__BRIEF__. Look over the entries and say how many lines include the word "Issue". Only the number, please.

__EXTRACTED INFORMATION__.
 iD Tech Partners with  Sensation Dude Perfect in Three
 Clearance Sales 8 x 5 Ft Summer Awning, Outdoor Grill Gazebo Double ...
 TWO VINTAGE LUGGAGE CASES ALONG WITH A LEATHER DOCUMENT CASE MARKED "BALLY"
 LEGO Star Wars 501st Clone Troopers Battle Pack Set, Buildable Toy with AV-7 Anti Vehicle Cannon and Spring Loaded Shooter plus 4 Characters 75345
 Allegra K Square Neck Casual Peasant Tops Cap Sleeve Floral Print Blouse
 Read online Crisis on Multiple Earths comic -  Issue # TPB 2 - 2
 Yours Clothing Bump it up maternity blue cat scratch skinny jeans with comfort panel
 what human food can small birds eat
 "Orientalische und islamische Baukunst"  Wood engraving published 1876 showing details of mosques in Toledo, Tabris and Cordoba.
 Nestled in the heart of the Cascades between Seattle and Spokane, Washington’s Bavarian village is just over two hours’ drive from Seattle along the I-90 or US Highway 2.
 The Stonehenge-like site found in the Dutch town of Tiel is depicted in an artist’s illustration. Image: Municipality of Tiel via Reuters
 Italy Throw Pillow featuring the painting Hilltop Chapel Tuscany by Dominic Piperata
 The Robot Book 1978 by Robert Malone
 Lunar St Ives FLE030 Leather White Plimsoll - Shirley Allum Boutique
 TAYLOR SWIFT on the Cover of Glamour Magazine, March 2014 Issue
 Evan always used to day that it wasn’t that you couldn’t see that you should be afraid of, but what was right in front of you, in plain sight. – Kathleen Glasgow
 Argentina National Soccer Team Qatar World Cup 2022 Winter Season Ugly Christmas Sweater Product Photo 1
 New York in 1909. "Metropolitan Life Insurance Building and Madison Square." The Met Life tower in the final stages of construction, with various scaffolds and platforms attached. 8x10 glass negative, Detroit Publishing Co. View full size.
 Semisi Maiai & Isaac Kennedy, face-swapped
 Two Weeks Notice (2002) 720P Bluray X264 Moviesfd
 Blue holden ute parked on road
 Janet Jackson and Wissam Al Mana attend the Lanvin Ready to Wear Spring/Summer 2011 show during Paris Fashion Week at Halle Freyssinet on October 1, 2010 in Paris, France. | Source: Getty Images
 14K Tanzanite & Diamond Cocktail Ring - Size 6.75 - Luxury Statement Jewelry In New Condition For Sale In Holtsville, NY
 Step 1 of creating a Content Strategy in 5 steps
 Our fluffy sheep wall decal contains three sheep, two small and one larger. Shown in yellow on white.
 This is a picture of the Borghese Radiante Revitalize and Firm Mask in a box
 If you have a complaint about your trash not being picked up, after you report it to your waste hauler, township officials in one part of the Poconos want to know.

__SOLVED PROBLEM__. 2